== Segment start ==
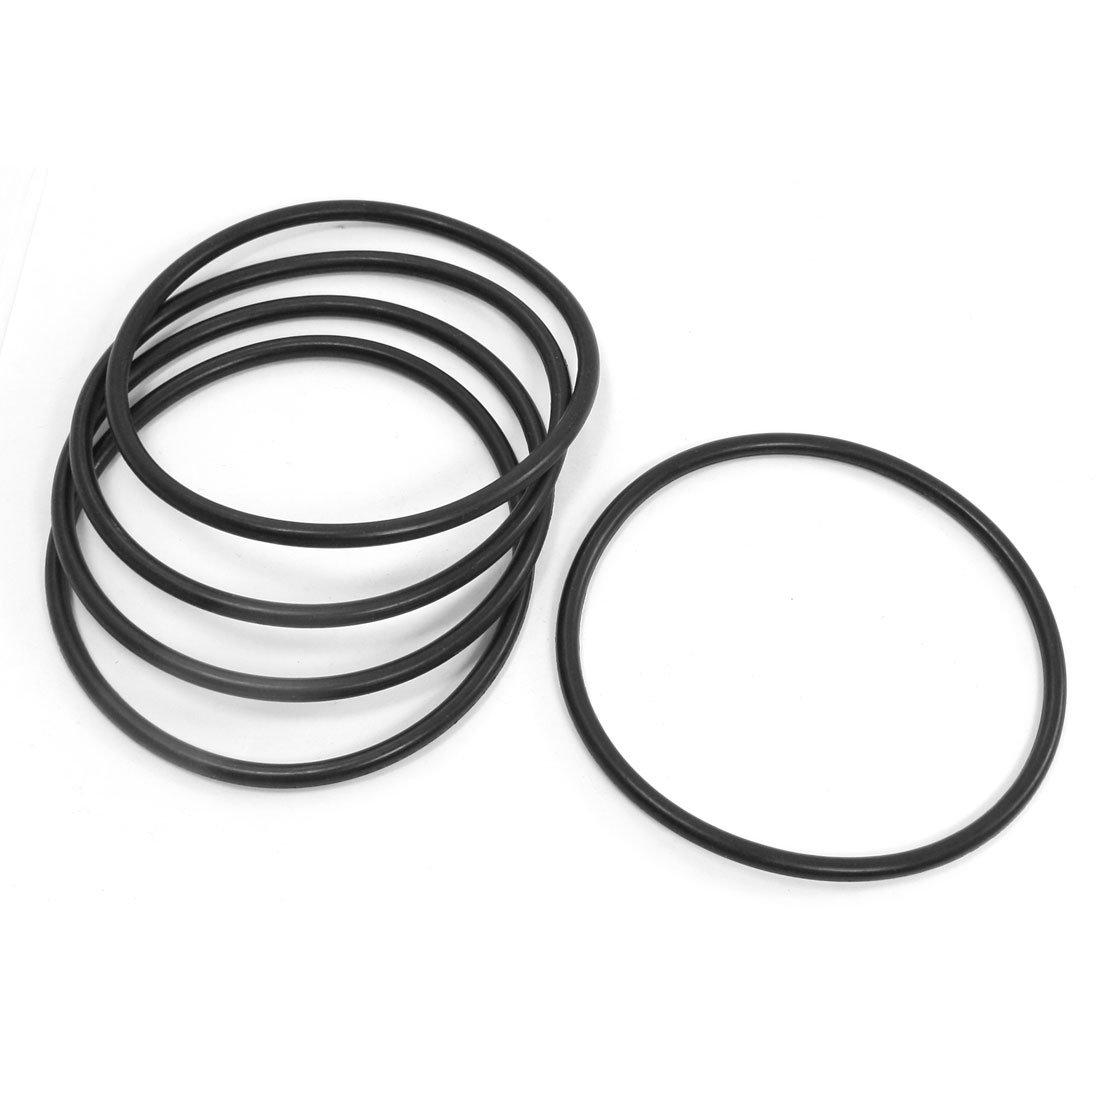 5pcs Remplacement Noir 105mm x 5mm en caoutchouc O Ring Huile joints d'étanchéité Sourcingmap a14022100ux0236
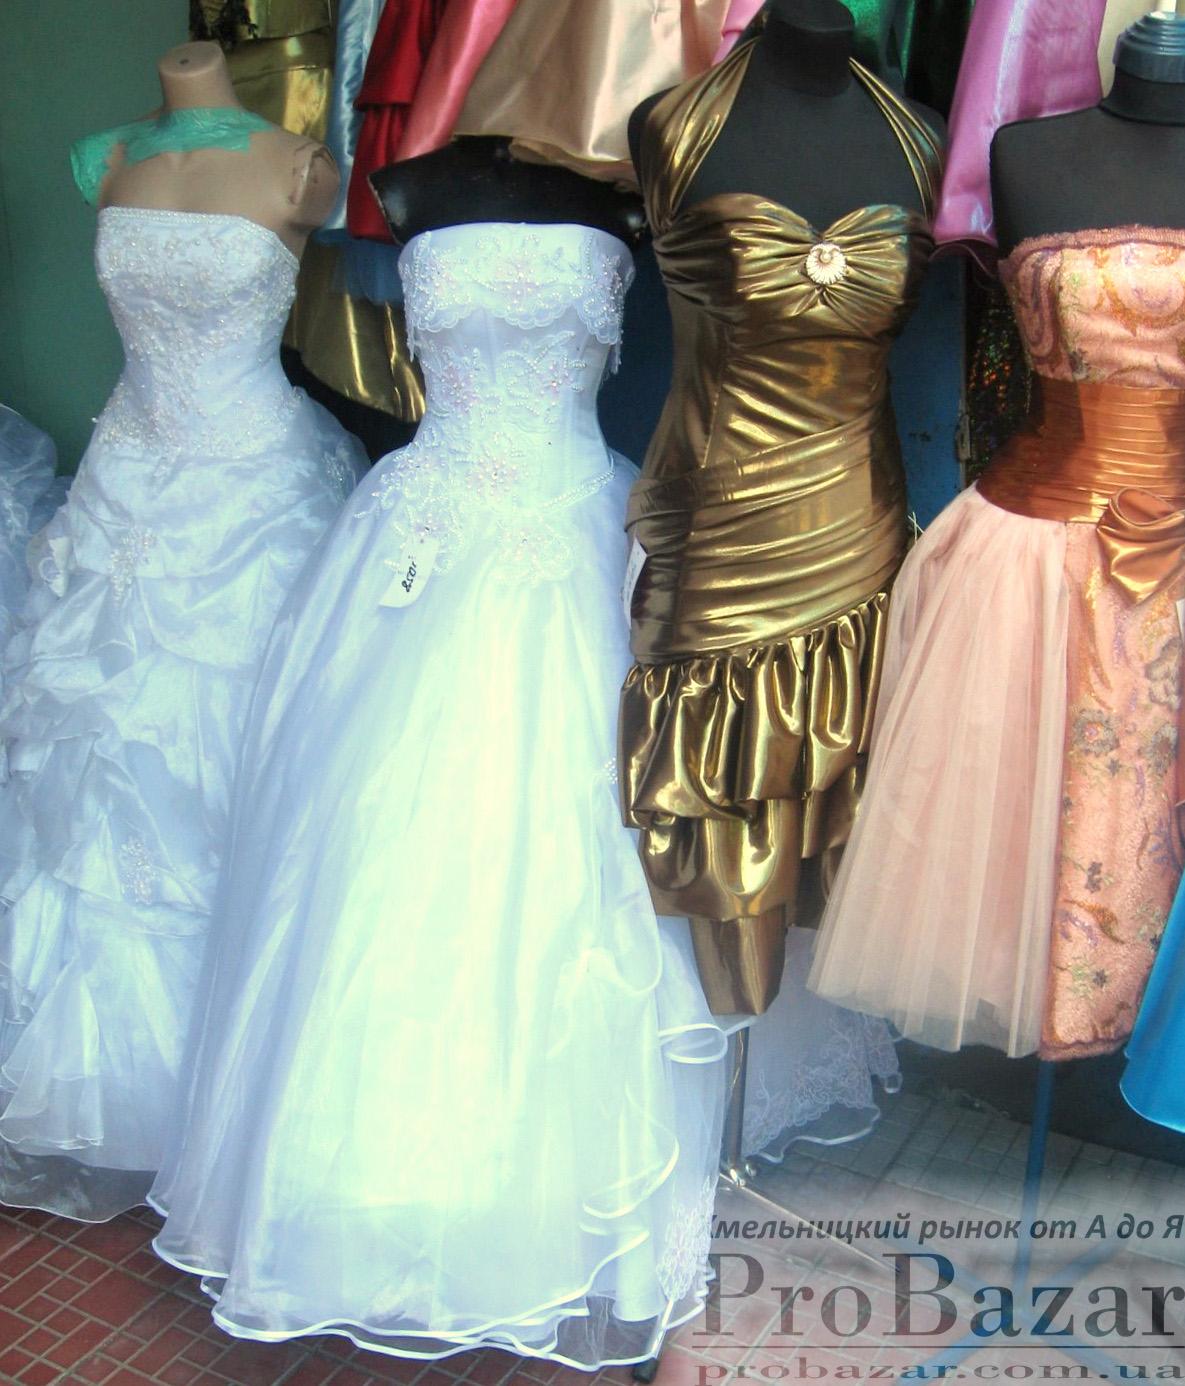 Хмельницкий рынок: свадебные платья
== Segment end ==
== Segment start ==
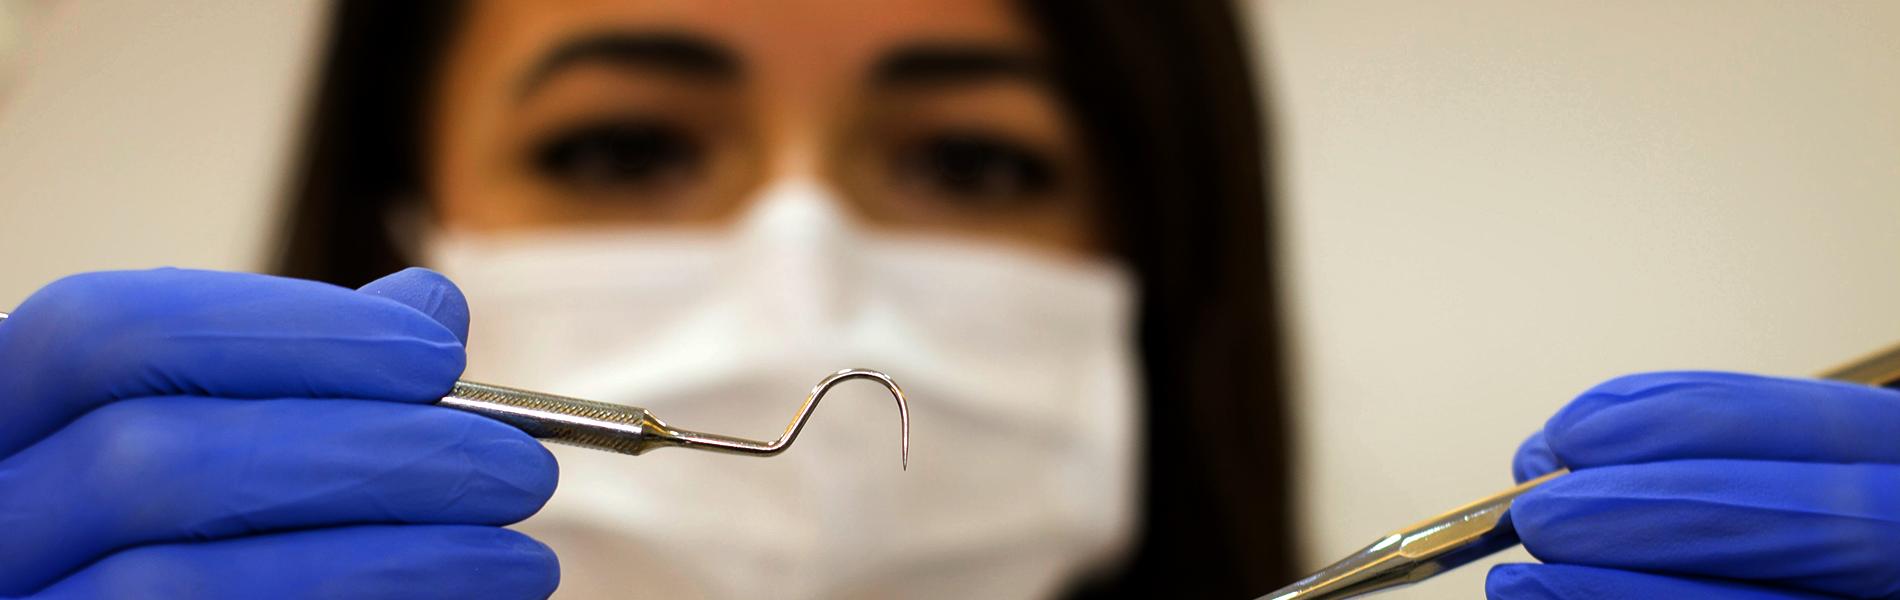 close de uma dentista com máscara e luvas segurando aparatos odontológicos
== Segment end ==
== Segment start ==
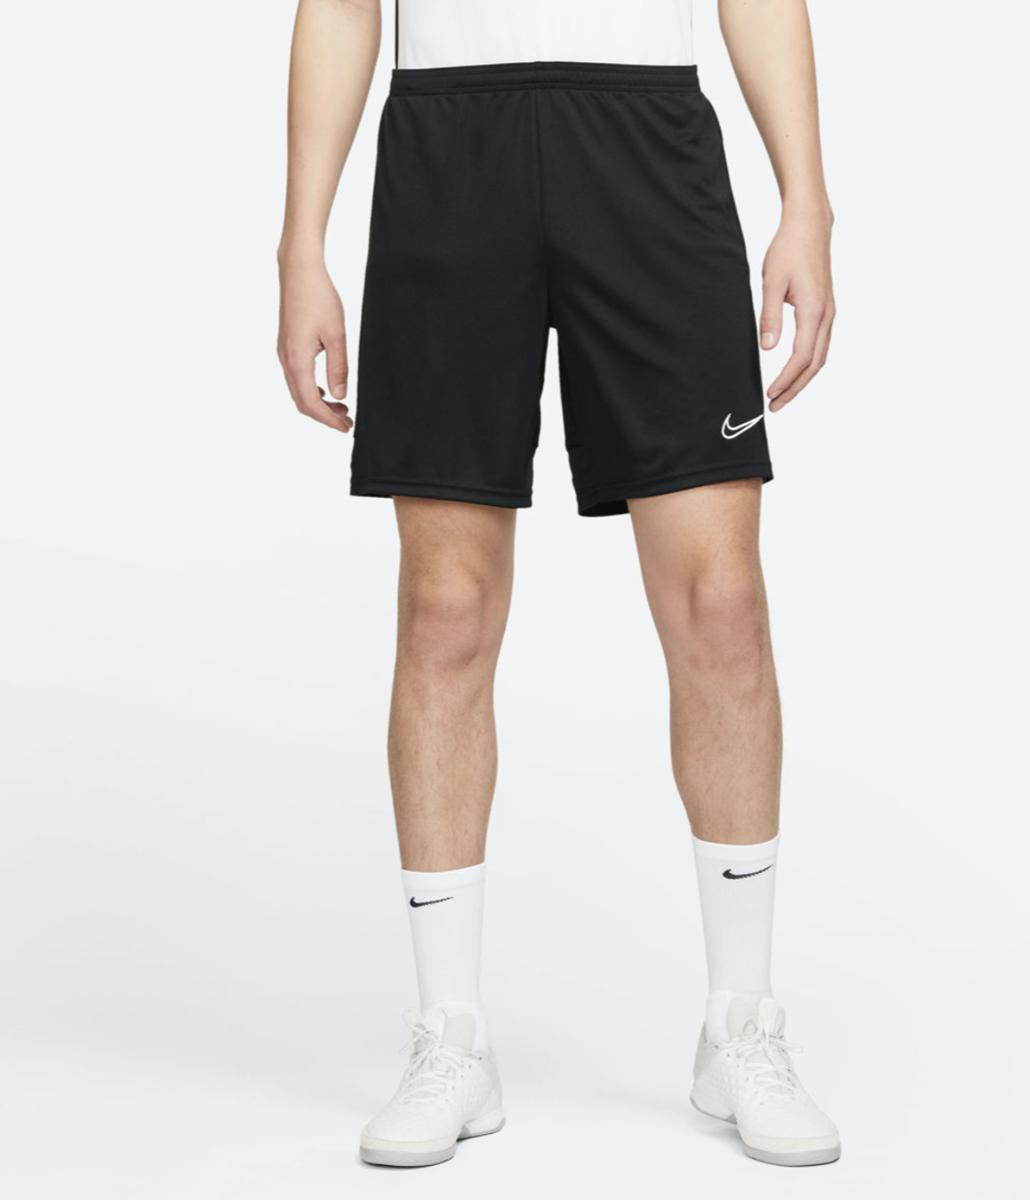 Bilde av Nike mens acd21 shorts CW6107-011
== Segment end ==
• Task requirements: Beginning with the line holding "5pcs Remplacement Noir" in the material above, restate word for word each line through the line holding "Хмельницкий рынок: свадебные платья", and exclude pictures.

• Completed task:
 5pcs Remplacement Noir 105mm x 5mm en caoutchouc O Ring Huile joints d'étanchéité Sourcingmap a14022100ux0236
 Хмельницкий рынок: свадебные платья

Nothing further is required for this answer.